* **INFORMATION SHOWN**:
====
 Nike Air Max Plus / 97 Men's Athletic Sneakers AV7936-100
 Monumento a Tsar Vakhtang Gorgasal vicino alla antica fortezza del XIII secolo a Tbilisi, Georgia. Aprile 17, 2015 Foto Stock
====
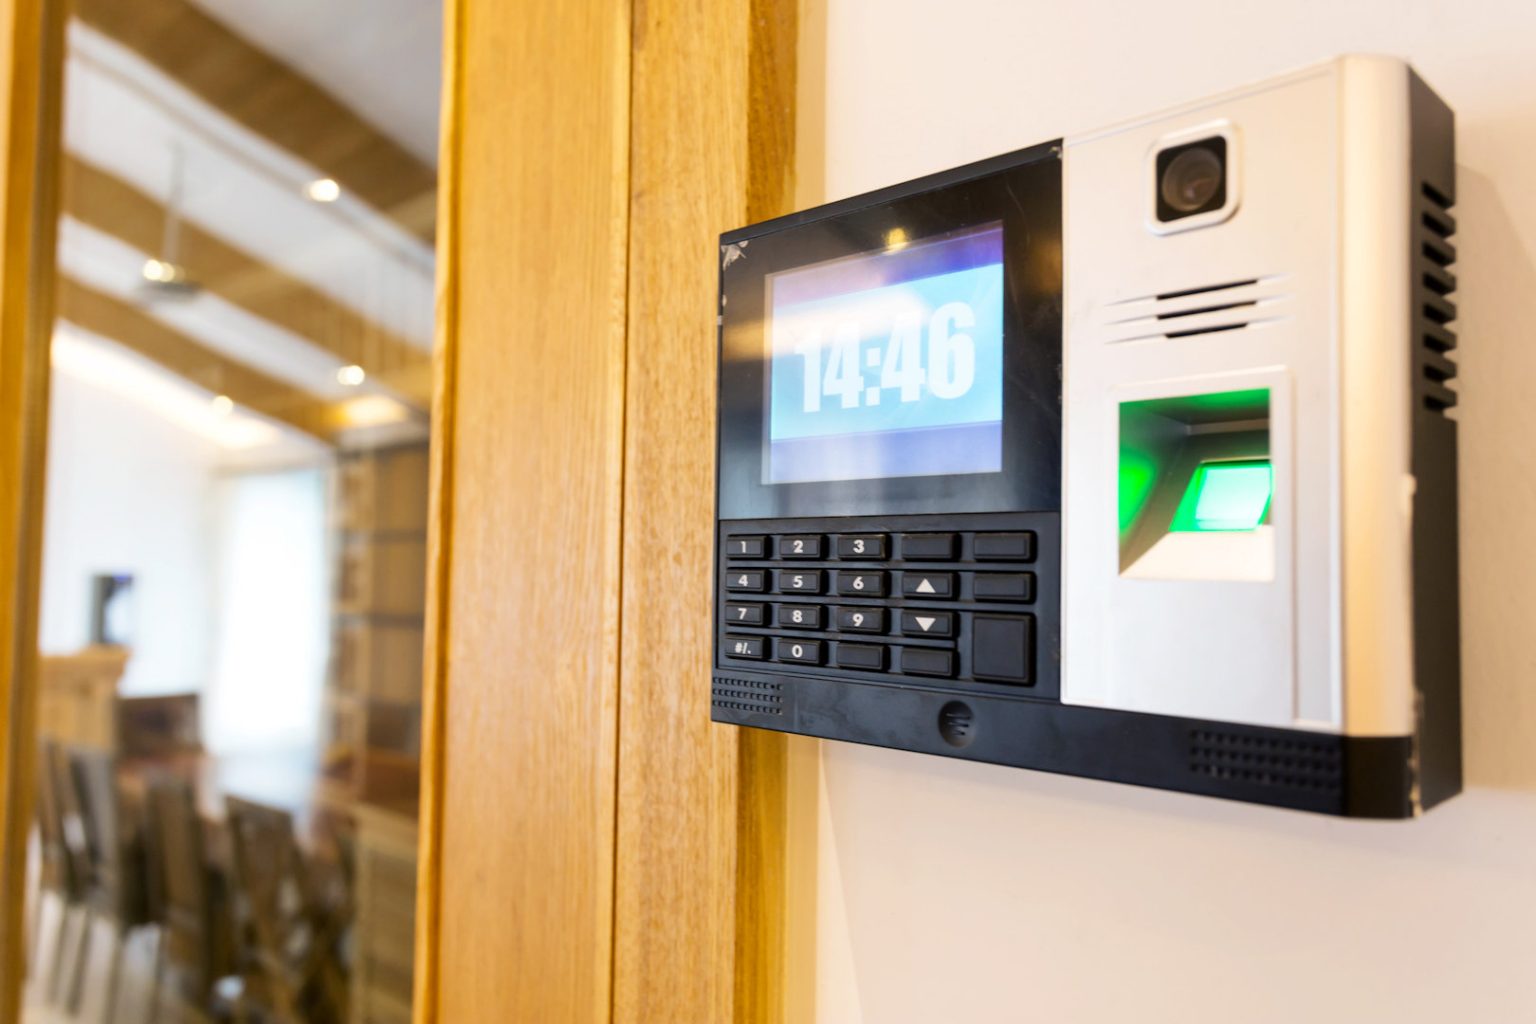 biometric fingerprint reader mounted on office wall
====
Using the listing above, copy exactly the line that contains "Nike Air Max", the line that contains "Monumento a Tsar", and each line that falls between them.

* **SOLUTION TO THIS TASK**:
 Nike Air Max Plus / 97 Men's Athletic Sneakers AV7936-100
 Monumento a Tsar Vakhtang Gorgasal vicino alla antica fortezza del XIII secolo a Tbilisi, Georgia. Aprile 17, 2015 Foto Stock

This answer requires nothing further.